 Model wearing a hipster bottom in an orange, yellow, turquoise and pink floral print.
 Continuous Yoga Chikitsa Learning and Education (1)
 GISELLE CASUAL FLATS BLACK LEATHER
________________________
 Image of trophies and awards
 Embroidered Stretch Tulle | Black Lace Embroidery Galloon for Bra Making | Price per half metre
________________________
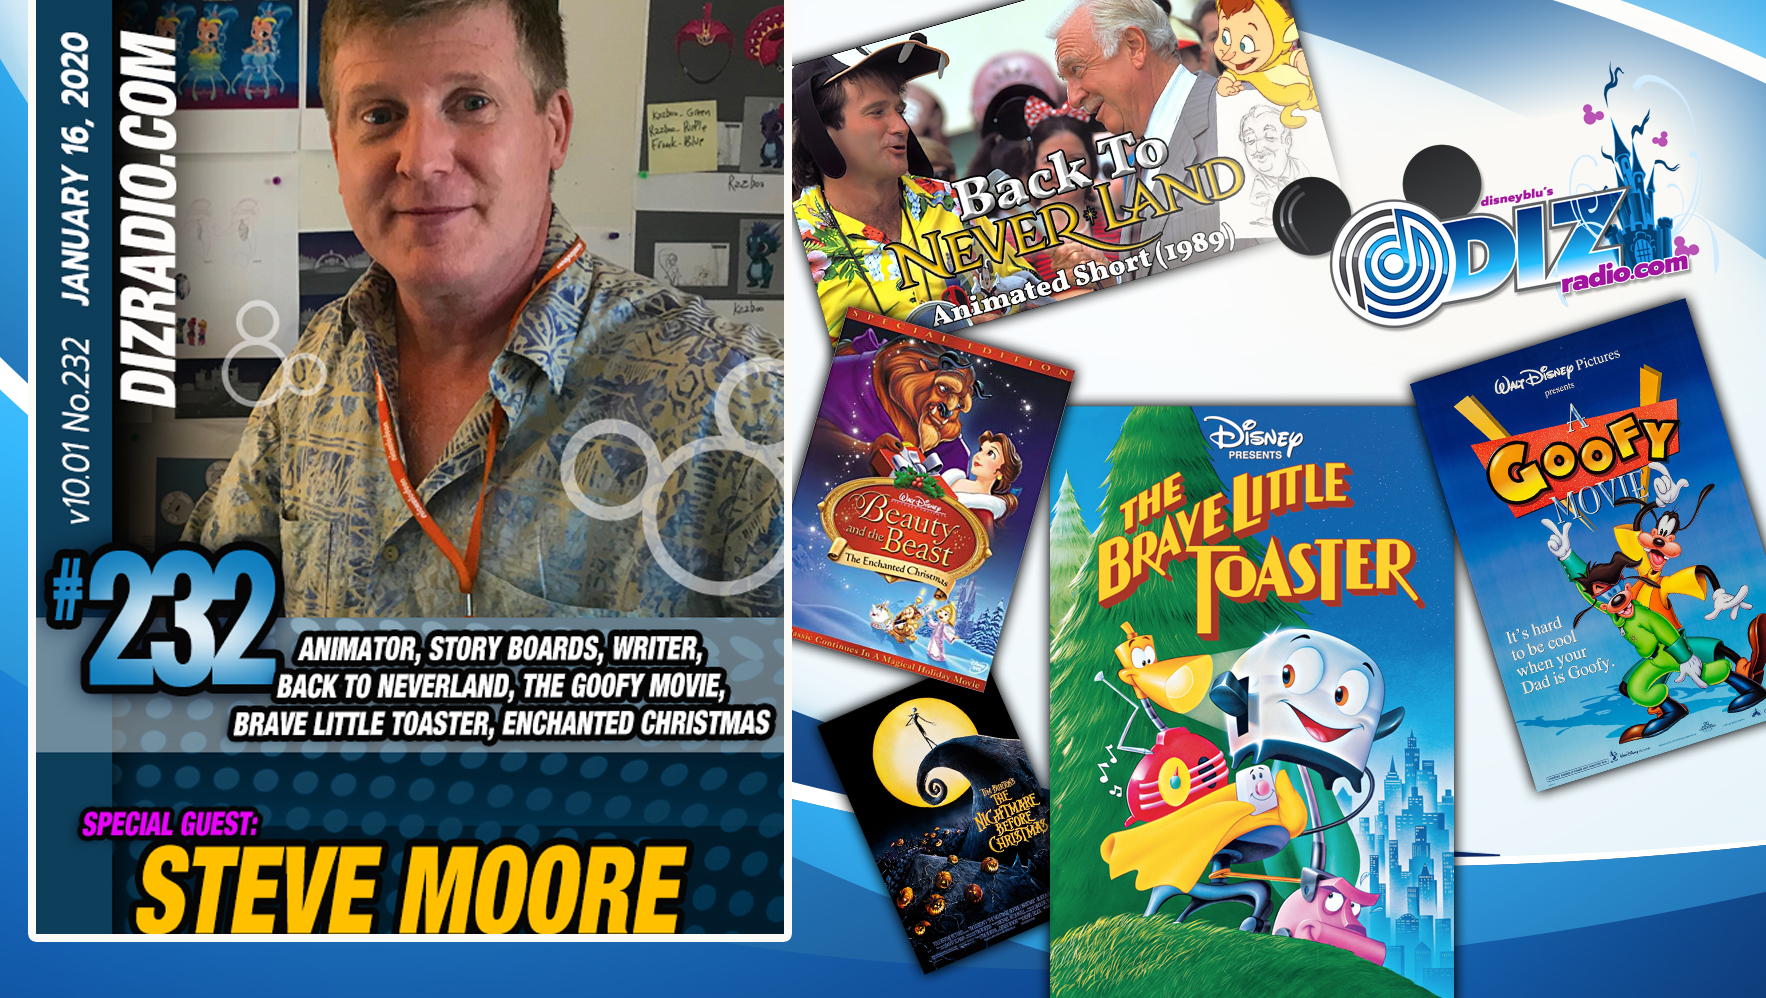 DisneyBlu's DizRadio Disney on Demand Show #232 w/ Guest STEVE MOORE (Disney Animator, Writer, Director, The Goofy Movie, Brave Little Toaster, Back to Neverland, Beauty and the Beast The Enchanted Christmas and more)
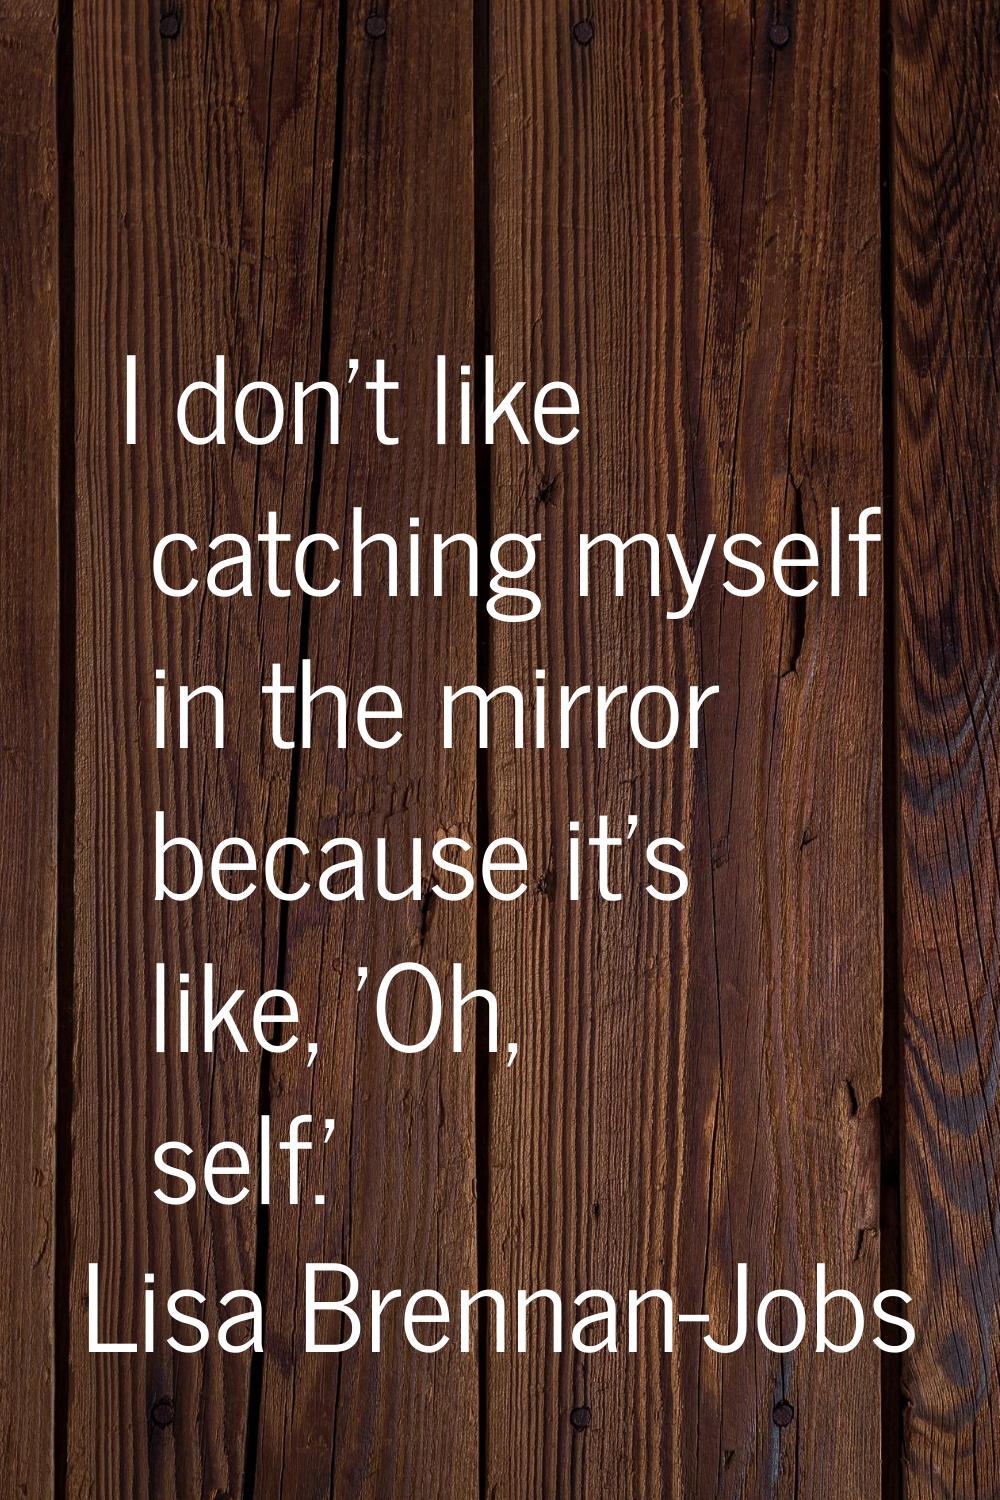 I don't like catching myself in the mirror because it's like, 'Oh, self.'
________________________
In the listing above, find the line with "Image of trophies and awards" and the line with "Embroidered Stretch Tulle"; output exactly those lines and all lines between them.

 Image of trophies and awards
 Embroidered Stretch Tulle | Black Lace Embroidery Galloon for Bra Making | Price per half metre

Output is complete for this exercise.